Wednesday, February 13, 2008
Paul William Scott Anderson (born March 4, 1965 in Newcastle-upon-Tyne, England) is a film director who regularly works in sci-fi movies and video game adaptations.
Biography
Anderson graduated from the University of Warwick as the youngest student to achieve a BA in Film & Literature. He made his debut as the writer-director of Shopping, which starred Sean Pertwee, Jude Law and Sadie Frost as thieves who smashed cars into storefronts. When released in his native England, it was banned in some cinemas, and only came to the United States as an edited, direct to video release.
After this, he directed the successful 1995 video game adaptation Mortal Kombat. While prior video game movies, like Street Fighter and Super Mario Bros., had been all-out disasters, Mortal Kombat was well received by fans, and some critics. He declined to direct the sequel, Mortal Kombat: Annihilation which was not well received by critics or fans. Anderson was asked to direct a third movie, Mortal Kombat: Devastation, but declined again.
The success of Mortal Kombat gave Anderson free reign to choose his next project, Soldier, written by Blade Runner screenwriter David Webb Peoples. Intended as a Sidequel to Blade Runner, the movie was set in the same universe (but not the same planet), and contained numerous references to Blade Runner. Kurt Russell was attached to star, but was unavailable at the time, which delayed the production. In the meantime, Anderson made Event Horizon, which took the premise of the classic sci-fi novel and film Solaris, but filled it with Hellraiser-style horror scenes. The film was poorly received at the box office, and Anderson blamed the failure on studio-enforced cuts. While not a box-office success, the film gained a small cult following.
Soldier was eventually completed and released in 1998, and was a disaster both commercially and critically.
After the poor performance of both Event Horizon and Soldier, Anderson was forced to think smaller. His planned remake of the cult film Death Race 2000 was put on hold, and he set about writing and directed a TV movie, The Sight, in 2000. It was a minor success, and Anderson returned the cinema screens in 2002 when he wrote and directed an adaptation of the survival horror series Resident Evil. It was at this point that, to avoid confusion to American auteur Paul Thomas Anderson, he began to credit himself as "Paul W. S. Anderson."
Working with a moderate budget in comparison to his other movies, Resident Evil was a commercial success in cinemas and on DVD , prompting Anderson to write (but not direct) the sequels, Resident Evil: Apocalypse and Resident Evil: Extinction.
Anderson's next project was the much-anticipated Alien vs. Predator, a concept popularized by a series of Dark Horse Comics and later hinted at in Predator 2. A movie version had been stuck in development for years despite the franchise crossing into every other form of media, from books to comics to video games. The fact Alien vs. Predator was being made at all was enough to get many fans of the originals onboard from the second the project was greenlighted. Some, however, were unhappy with the choice of Anderson as the writer and director, and had the opposite reaction, writing it off as a failure before it had even entered production.
Career
In April 2007, it was announced that he and actress Milla Jovovich are expecting a baby girl in November 2007. The two met when Anderson directed her in the first Resident Evil. They were engaged in March 2003, but no wedding date has been set.
Production relations
Filmography
Filmography
Anderson wrote the third and final movie in the Resident Evil-film series, Resident Evil: Extinction, due to be released in the fall of 2007. He is also working on other non-video game related films such as Necropolis, Man with the Football and Deathrace 3000.

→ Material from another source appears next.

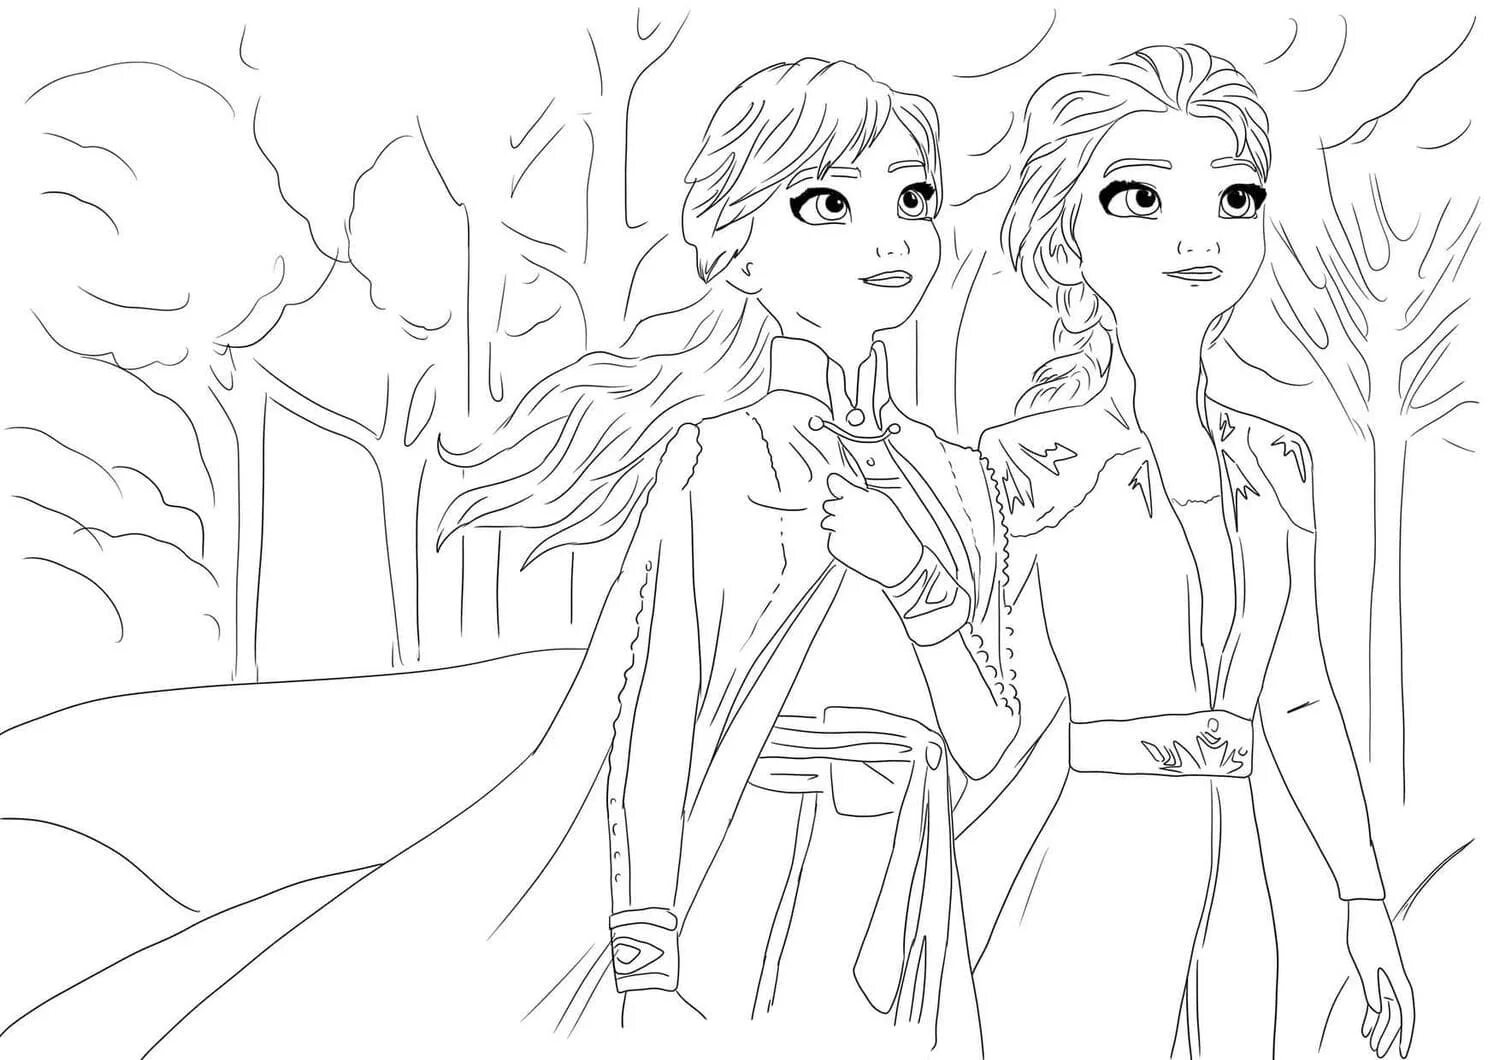 Elsa and anna in good quality #8

It was recently announced that Anderson will direct a remake of the 1980 British gangster film The Long Good Friday. The London setting of the original will now be updated to Miami.

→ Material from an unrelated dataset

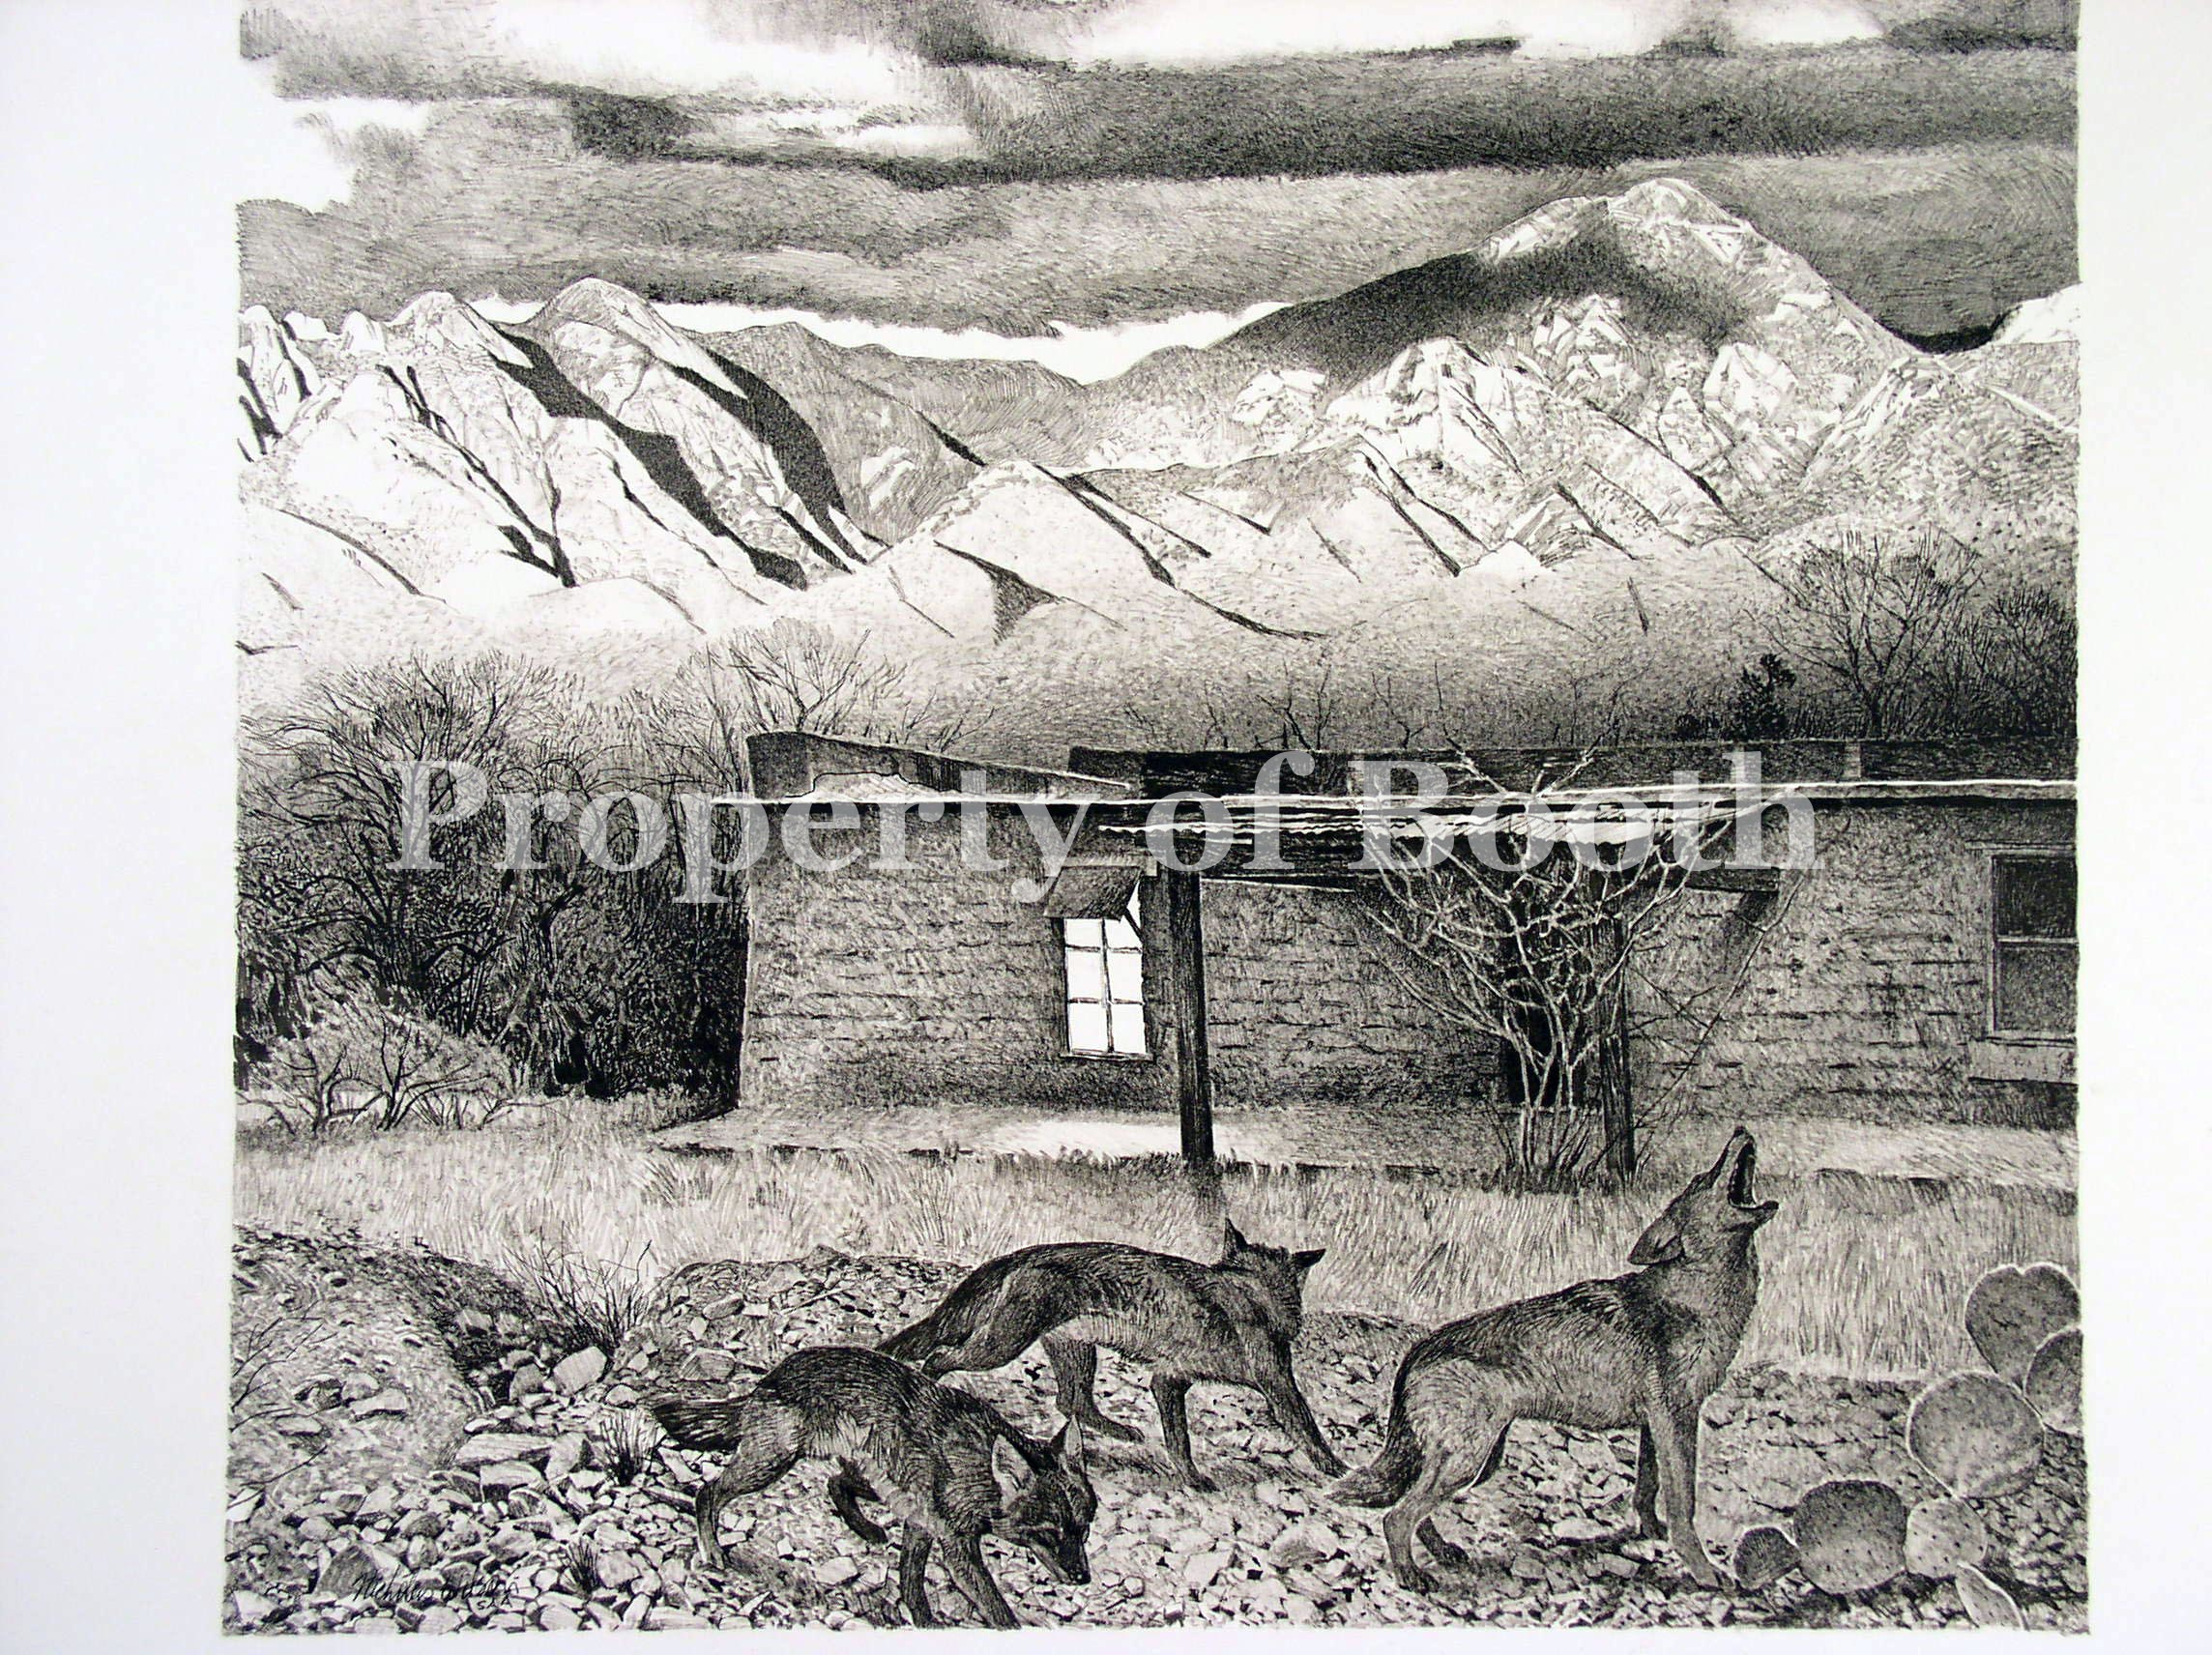 © Nicholas Wilson, Home of the Desert Rat (Preliminary brush and ink sketch), n.d., ink on paper, 22.5 x 24.75"

Man with the Football (2008)
Death Race (2008)
The Long Good Friday (2008)
Necropolis (2009) Criticisms
Anderson has developed such a negative reputation among some that, as an April Fool's joke, a J. R. R. Tolkien fansite www.theonering.net "revealed" that Anderson would direct an adaptation of The Hobbit after Peter Jackson's The Lord of the Rings movies had finished. This was met with widespread horror from wary Tolkien fans.
Screenwriter Peter Briggs, who had penned the very first Alien vs. Predator screenplay, disputed some of Anderson's other comments in an online interview, saying Anderson's claim that Briggs' original screenplay was "locked down" was incorrect, and that many elements of Anderson's screenplay were suspiciously similar.